Task requirements: What does the data read, word for word, from the line containing "Блуза с драпировками" through its final line? Give those lines only.

Data extract START

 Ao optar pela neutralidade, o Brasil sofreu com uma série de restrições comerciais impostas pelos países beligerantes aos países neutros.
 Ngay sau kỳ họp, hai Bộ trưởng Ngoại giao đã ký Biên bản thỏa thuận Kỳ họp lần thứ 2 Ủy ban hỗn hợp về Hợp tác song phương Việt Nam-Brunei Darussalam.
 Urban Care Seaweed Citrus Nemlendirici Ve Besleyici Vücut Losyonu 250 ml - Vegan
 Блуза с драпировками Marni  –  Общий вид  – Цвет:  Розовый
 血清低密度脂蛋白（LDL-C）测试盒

Data extract END

Exercise result:
 Блуза с драпировками Marni  –  Общий вид  – Цвет:  Розовый
 血清低密度脂蛋白（LDL-C）测试盒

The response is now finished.